Erdős Problem 1141

References:

• erdosproblems.com/1141
• A214583
• [APSSV26b] B. Alexeev, M. Putterman, M. Sawhney, M. Sellke, and G. Valiant, Short proofs in combinatorics, probability and number theory II. arXiv:2604.06609 (2026).
• [Or26] Y. Oriike, Lean formalisation of Erdős problem 1141 (2026)
• [Po17] P. Pollack, Bounds for the first several prime character nonresidues. Proc. Amer. Math. Soc. (2017), 2815--2826.
• [Va99] Various, Some of Paul's favorite problems. Booklet produced for the conference "Paul Erdős and his mathematics", Budapest, July 1999 (1999).

def Erdos1141.Erdos1141Prop (n : ℕ) : Prop

The property that $n-k^2$ is prime for all $k$ with $(n,k)=1$ and $k^2 < n$.

Equations

• Erdos1141.Erdos1141Prop n = ∀ (k : ℕ), k ^ 2 < n → n.Coprime k → Nat.Prime (n - k ^ 2)
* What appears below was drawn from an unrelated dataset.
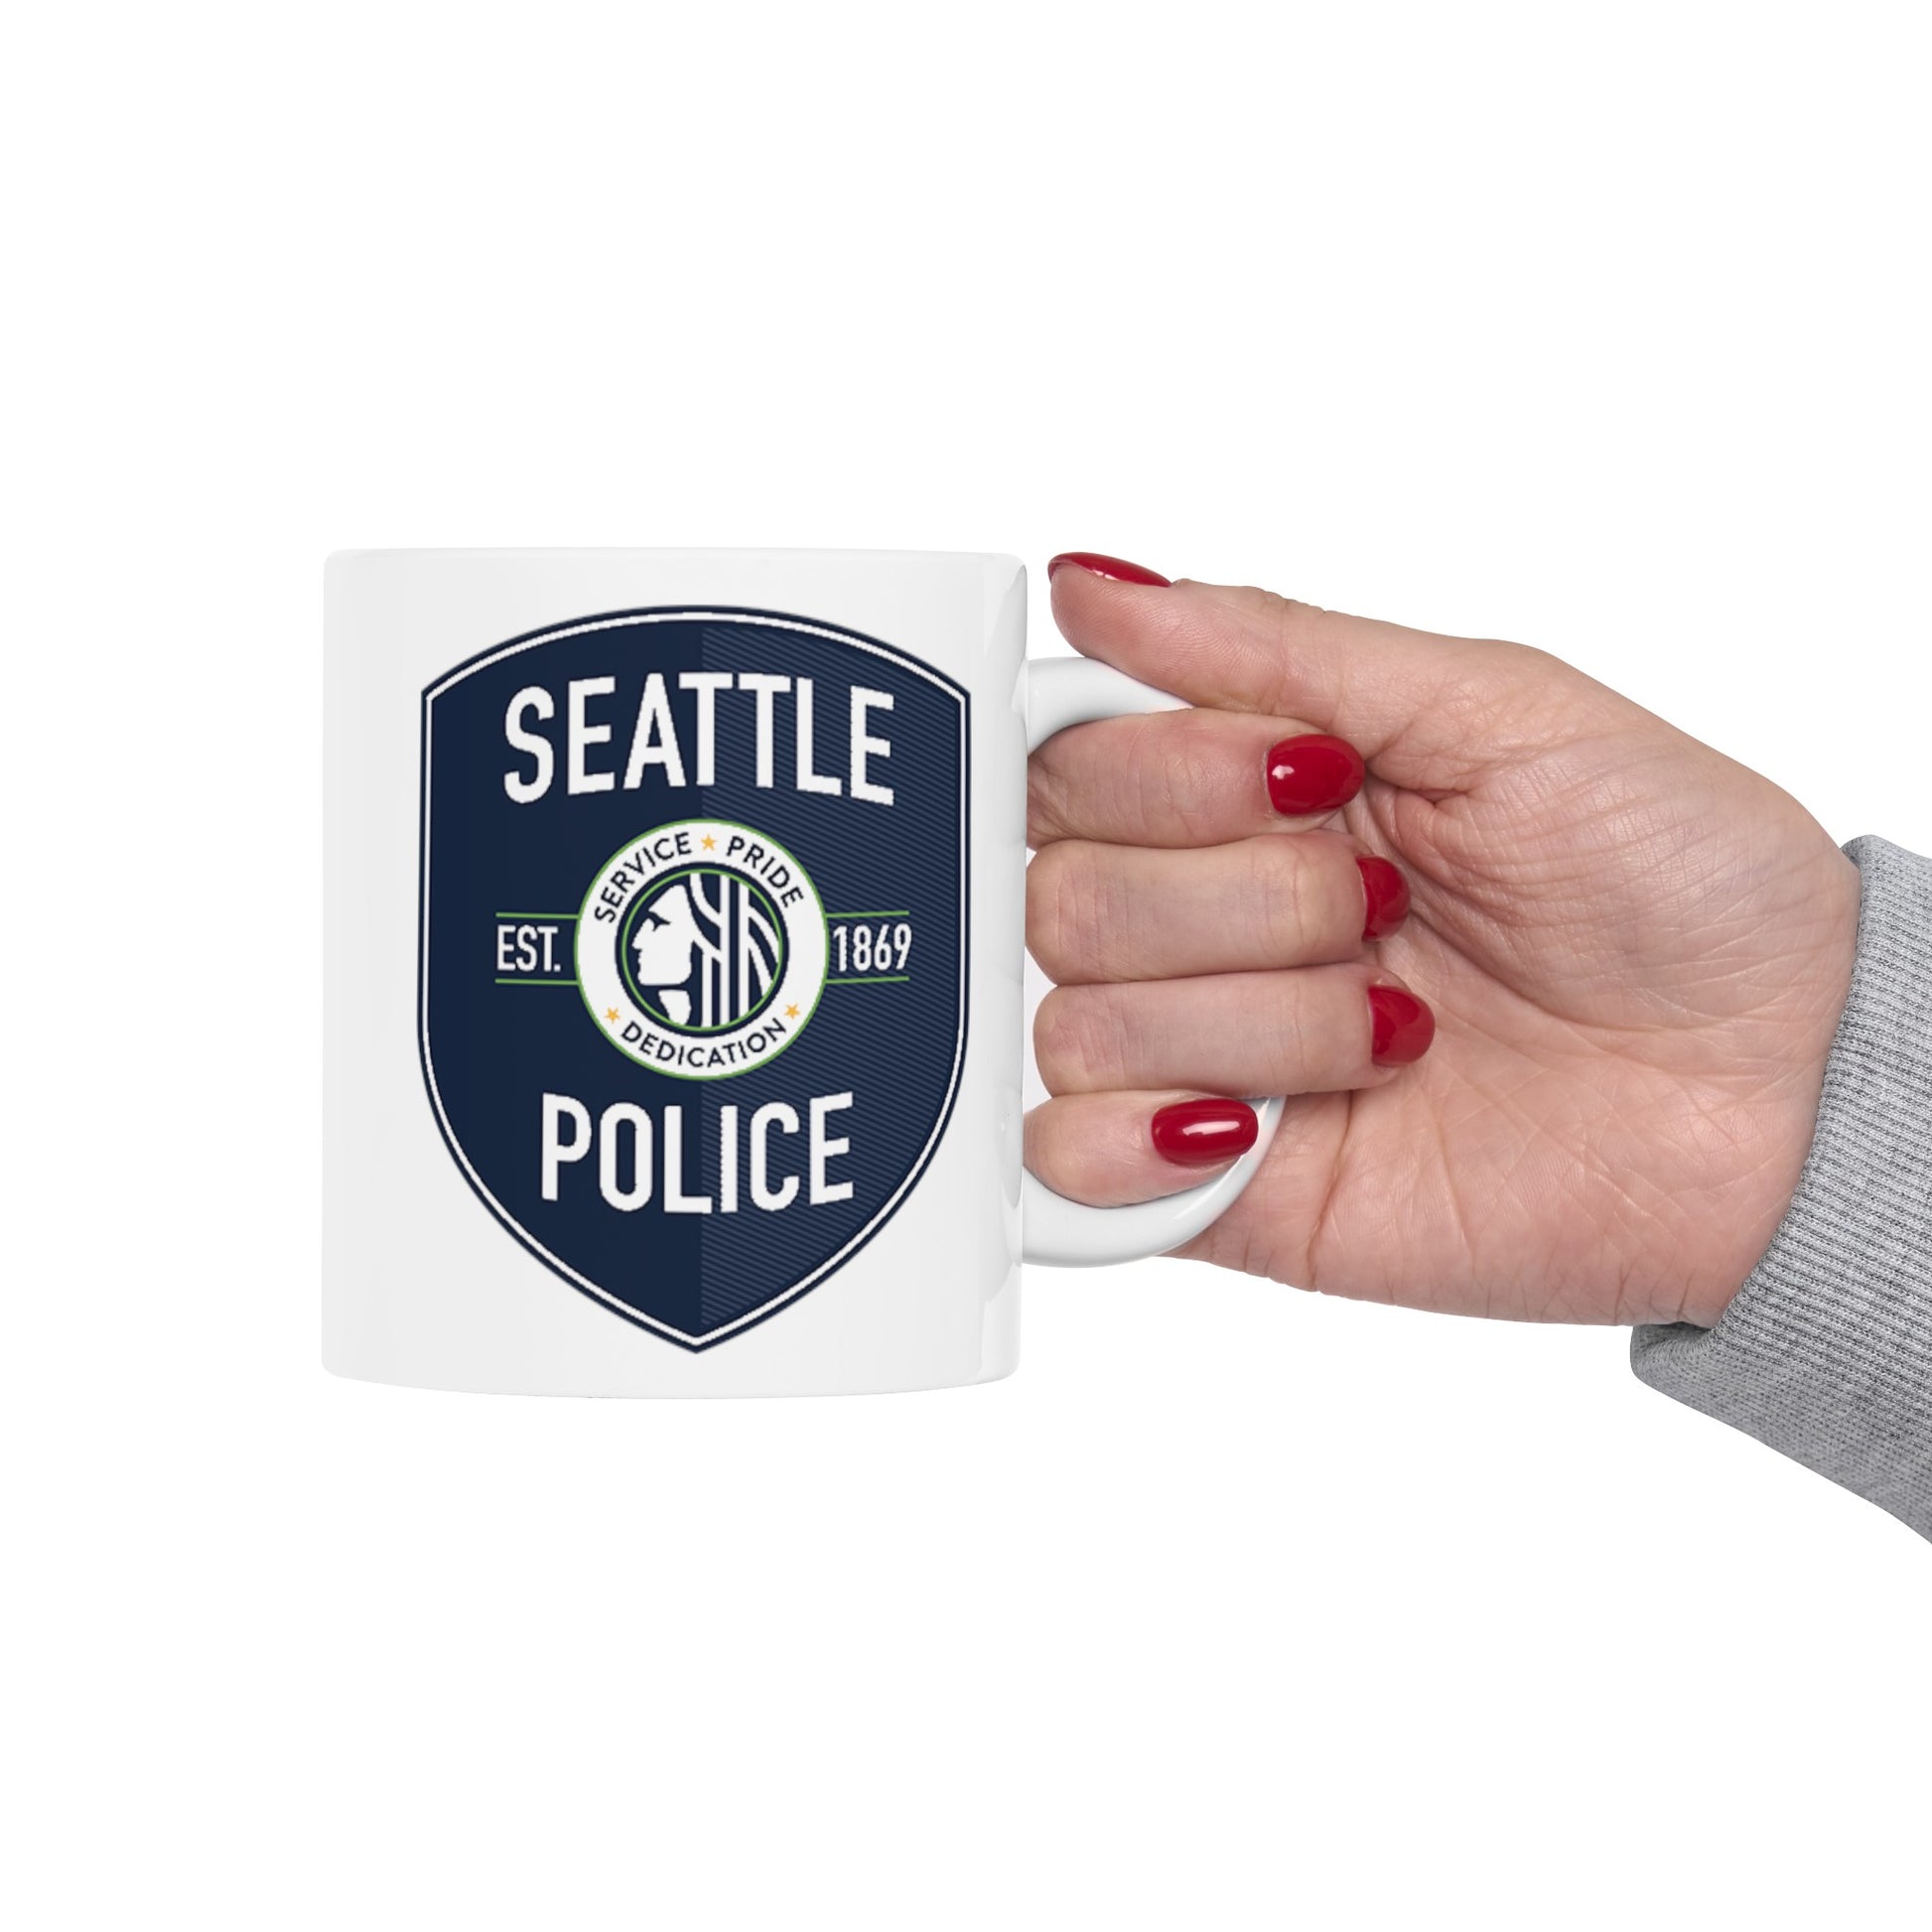 Seattle Police Coffee Mug - Double Sided White Ceramic 11oz by TheGlassyLass.com

instance Erdos1141.instDecidableErdos1141Prop (n : ℕ) : Decidable (Erdos1141Prop n)

Equations

• Erdos1141.instDecidableErdos1141Prop n = decidable_of_iff (∀ k ≤ (n - 1).sqrt, n.Coprime k → Nat.Prime (n - k ^ 2)) ⋯

theorem Erdos1141.erdos_1141 : False ↔ Infinite ↑{n : ℕ | Erdos1141Prop n}

Are there infinitely many $n$ such that $n-k^2$ is prime for all $k$ with $(n,k)=1$ and $k^2 < n$?
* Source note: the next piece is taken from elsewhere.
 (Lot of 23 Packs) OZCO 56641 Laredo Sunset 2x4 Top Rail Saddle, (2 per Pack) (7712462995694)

In [Va99] it is asked whether $968$ is the largest integer with this property, but this is an error, since for example $968-9=7\cdot 137$.

The list of $n$ satisfying the given property is [A214583] in the OEIS. The largest known such $n$ is $1722$.

The answer is negative: [APSSV26b] proves a stronger finiteness theorem, deducing it from Pollack [Po17]. Oriike [Or26] formalised the deduction in Lean.